Os perigos da indústria farmacêutica
Enviada em 22/09/2019
O documentário “What the Health”, produzido pela plataforma Netflix, ao abordar a vida de Kip Anderson, um homem de 46 anos totalmente dependente da indústria farmacêutica, retrata não só os impactos da má utilização de fármacos, mas ainda promove uma reflexão acerca de suas consequências. Nesse sentido, evidencia-se a problemática da automedicação em contexto mundial, desordem que relacionada tanto à falta de orientação profissional, quanto ao decadente sistema de saúde pública do país, provoca inúmeros danos à sociedade. Com efeito, torna-se fundamental debater os impactos e efeitos desse quadro, bem como maneiras de o interromper.
Em primeira análise, é evidente que a influência da mídia fomenta a necessidade do consumo ao aliar a noção de prazer à comodidade que o uso dessas substâncias pode oferecer. Nesse viés, ínfimas são as propagandas e recursos de marketing que abordam a importância de prescrição médica, o que configura não apenas como fator de disseminação dessa patologia moderna, mas também põe em risco a saúde e integridade dos cidadãos. Prova disso são os dados divulgados por levantamento realizado pelo Sistema Nacional de Informações Tóxico-farmacológicas, segundo os quais, cerca de 78% das notificações de intoxicação recebidas são causadas por medicamentos.
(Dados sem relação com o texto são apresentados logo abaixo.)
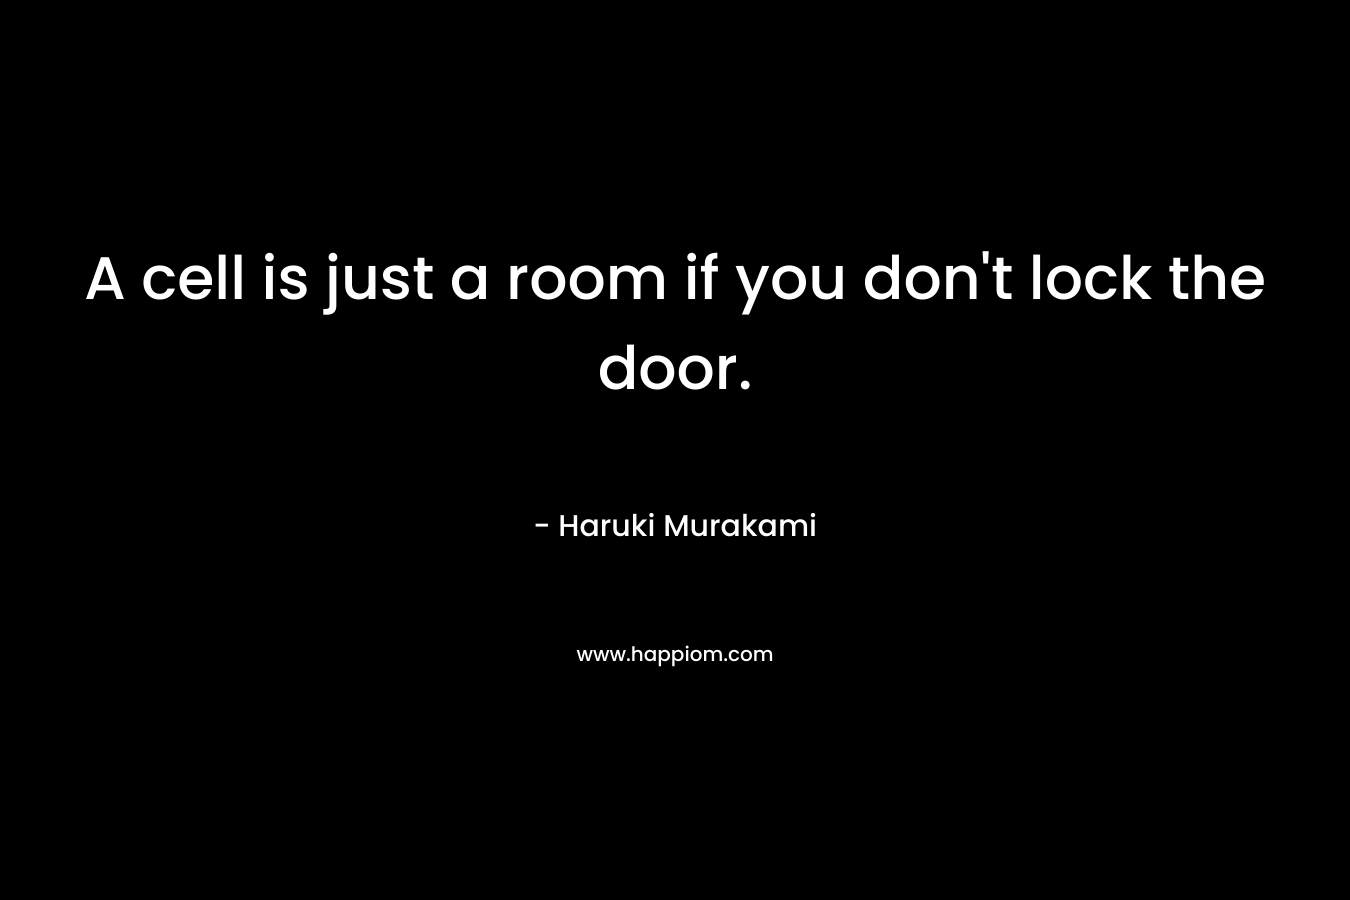 A cell is just a room if you don’t lock the door. – Haruki Murakami

Outrossim, vale salientar que o limitado acesso do brasileiro a tratamento adequado, como também a facilidade de aquisição de medicamentos e consumo dos mesmos agravam ainda mais esse quadro. Visto que, por mais que o artigo 196 da Constituição Federal de 1988 garanta o acesso gratuito e de qualidade à saúde, na prática, assegurar esse direito parece um desafio, de forma que a busca por informações infundadas e, muitas vezes, superficiais, em aplicativos e sites de busca como o Google, torna-se comum. O que se realizado sem orientação profissional intensifica os riscos de intoxicação e toda sorte de complicações.
Diante dos aspectos mencionados, é mister que o Conselho Nacional de Autorregulação Publicitária (CONAR) exerça o controle sobre propagandas de fármacos pelos meios de comunicação, de modo a evitar problemas advindos do mau uso e compras indiscriminadas dos mesmos. Com isso, é dever do Ministério de Saúde, por meio de verbas governamentais, investir na saúde pública, medida que poderá ser realizada tanto na melhoria do salário de profissionais, quanto na infraestrutura de postos de saúde e hospitais, a fim de melhor atender e sanar dúvidas dos cidadãos. Por fim, cabe ao Poder Legislativo, mediante a criação de leis, impor que propagandas e rótulos de medicamentos explicitem os efeitos adversos e sob quais circunstâncias seu uso pode ser administrado, além de apresentarem a im portância da prescrição médica e de receitas em drogarias e farmácias.